The distribution of energy such as translational and vibrational energies between the atoms and molecules in a system is important to whether a reaction trajectory is reactive or not. If in the system there is little kinetic or vibrational energy, the atom cannot cross the transition state because it does not have enough energy. Once the system has enough energy, the distribution between translational, vibrational and potential energy is important. After a system have enough energy to overcome the activation energy barrier, the excess energy the system possess will allow the middle atom to bounce back and force between the first and the third atom. Whether the second atom will stay with the first or the third atom depends on how much excess energy it has and therefore determines whether a new bond will form or not. As the excess energy increases incrementally, whether the reaction trajectory is reactive or not alternates. As shown in the exercise, an F atom and a H2 molecule approaching each other with little translational energy but enough energy above the activation energy barrier can lead to the formation of the product. There is almost no vibrational energy, once the H2 atom is pulled towards the F1 atom, it stick with it and does not bounce back.

Good. Mys18 (talk) 23:05, 1 June 2020 (BST)

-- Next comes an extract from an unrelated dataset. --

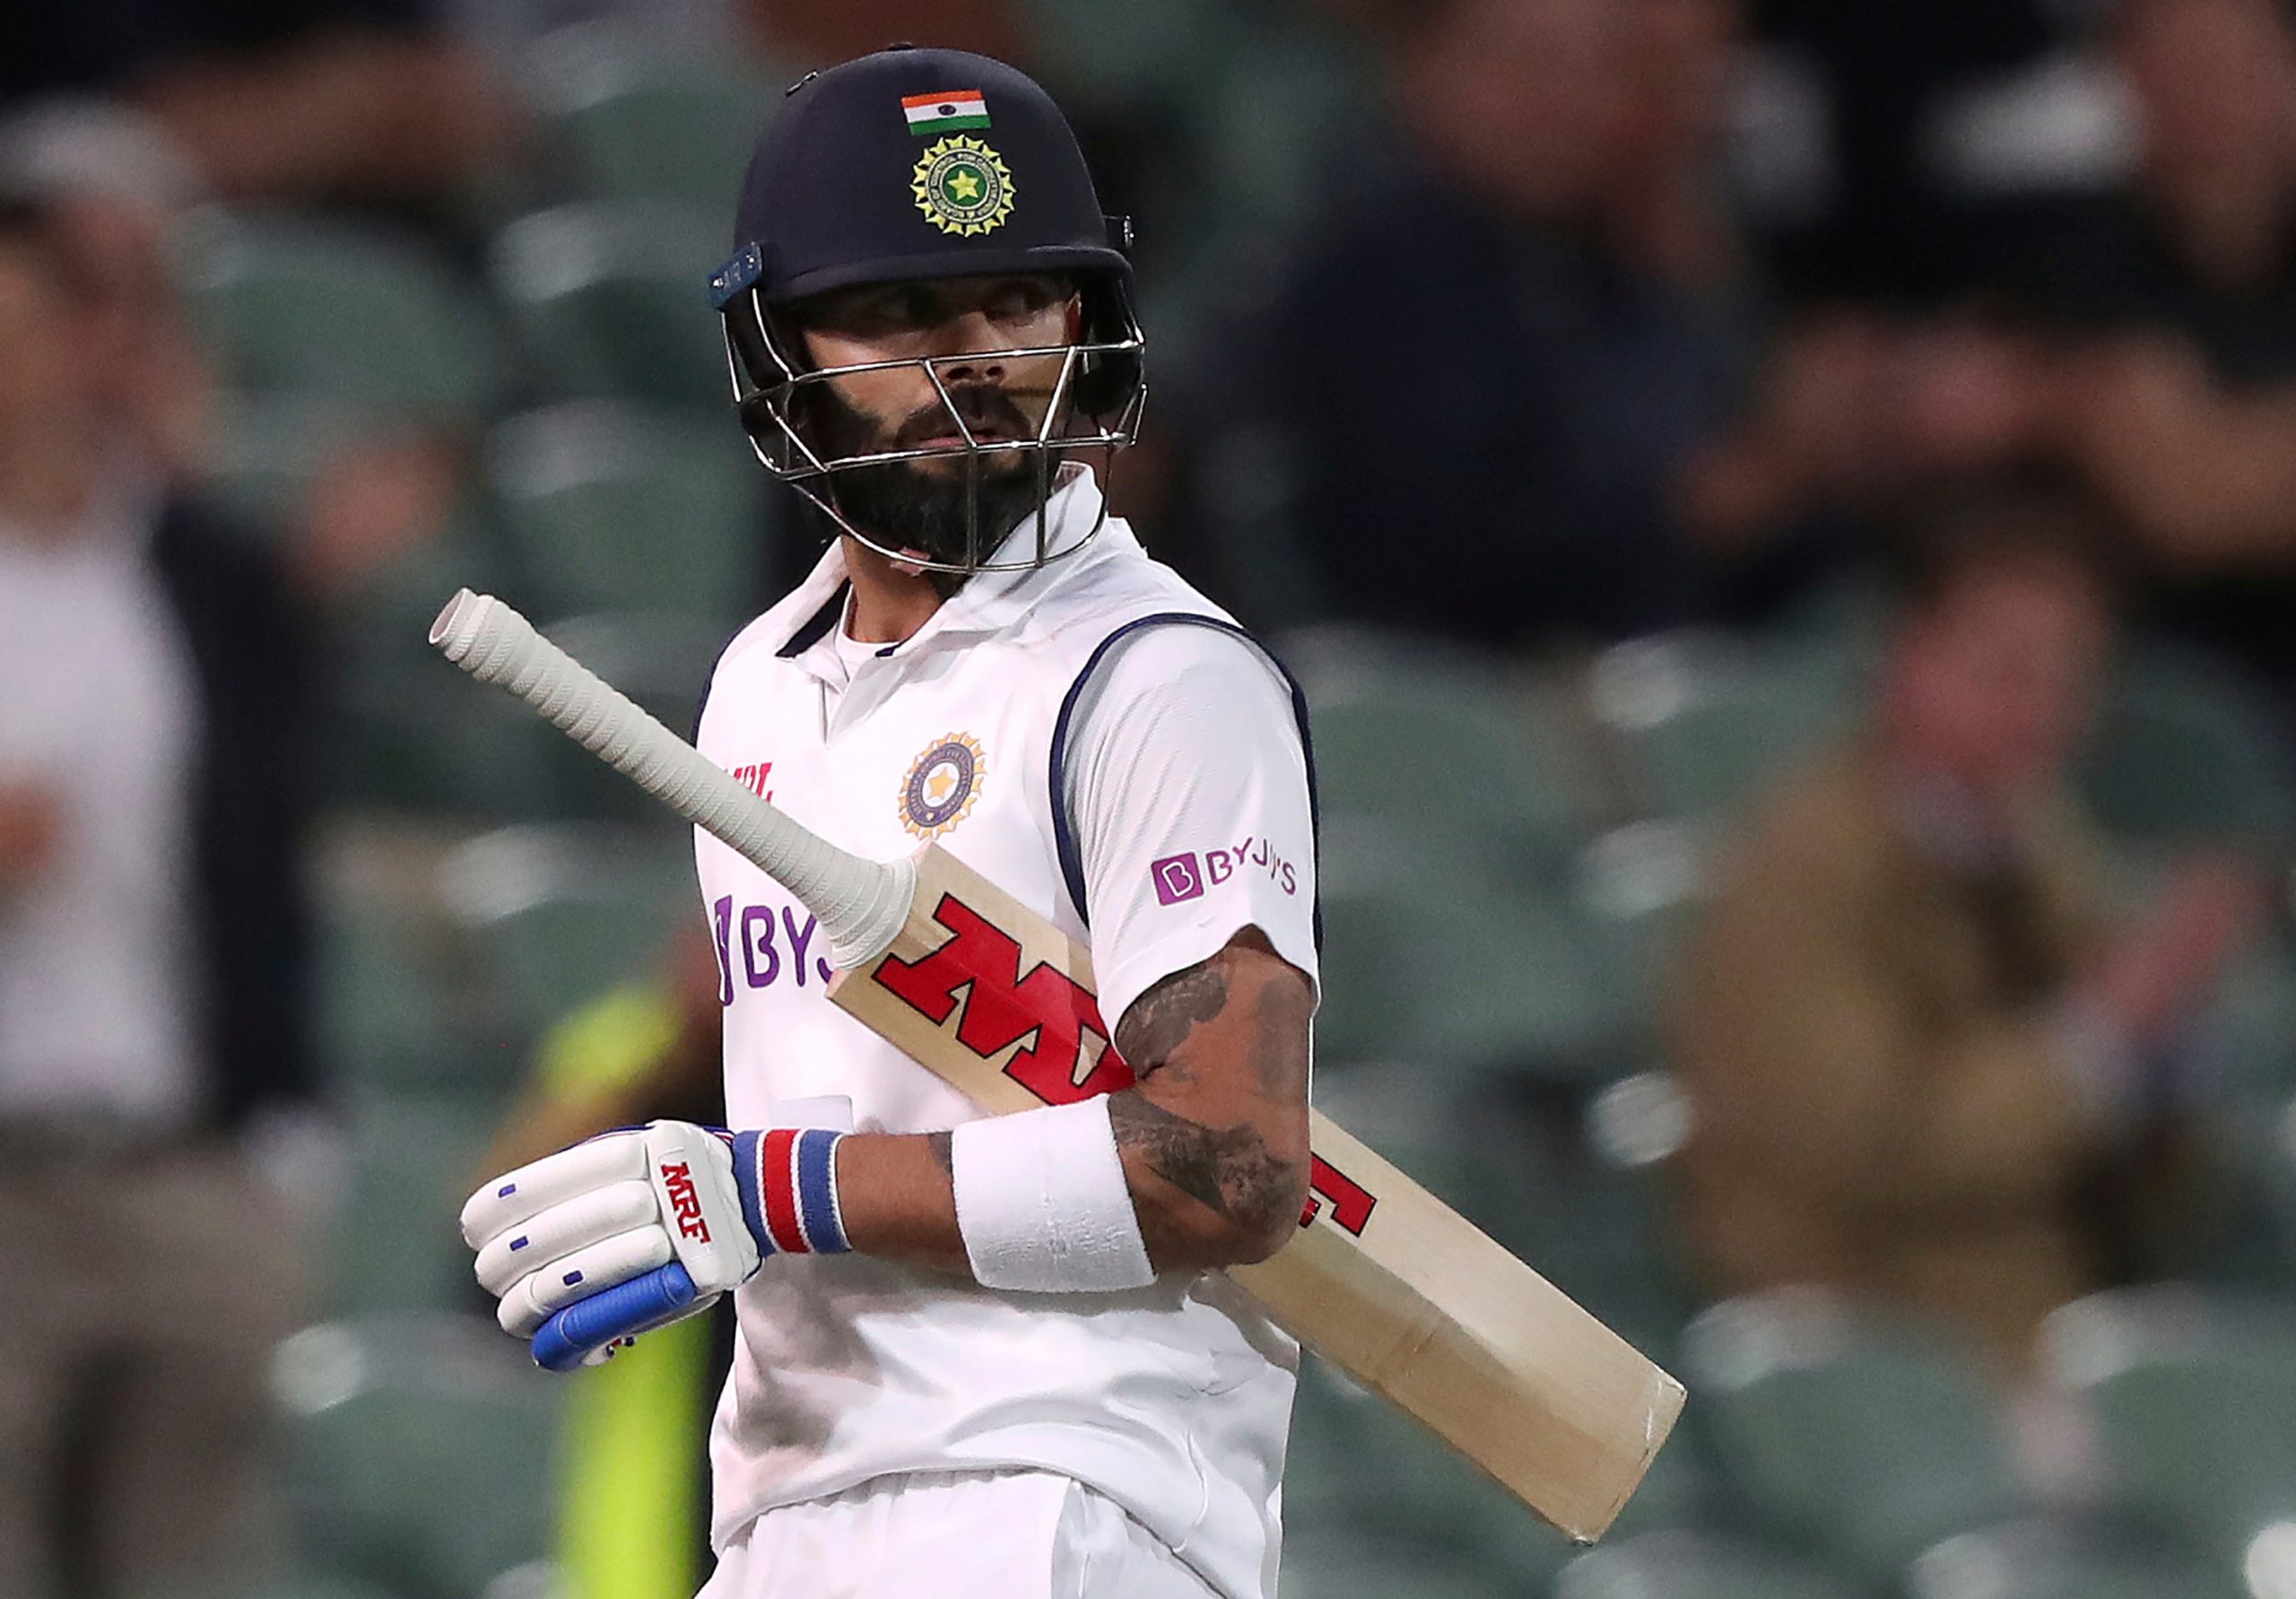 ‘Absolutely unacceptable’: Virat Kohli condemns racial abuse at SCG

Polanyi's empirical rules and Hammond's Postulate

When the transition state of a reaction is not symmetric a in the case of F + H2 and H + H-F systems, the transition state will change its position. In the F + H2 system, the transition state is a early transition state, it is closer to the reactant than the product. Translational energy will make the reaction more efficient because it helps to go across the transition state In the H + H-F system, the transition state is a late transition state, the transition state is close to the product than the reactant. Vibrational energy in the reactant will increase the efficiency of the reaction as it helps to go beyond the transition state while a translational energy will bounce back. This rule is closely related to the Hammond's postulate in determining whether the transition state will be like the reactant or the product according to whether the reaction is exothermic or endothermic.¹

GReat work explaining the rule with context. Mys18 (talk) 23:05, 1 June 2020 (BST)

References

1. J. C. POLANYI, Science (80-. )., 1997, 236, 680–690.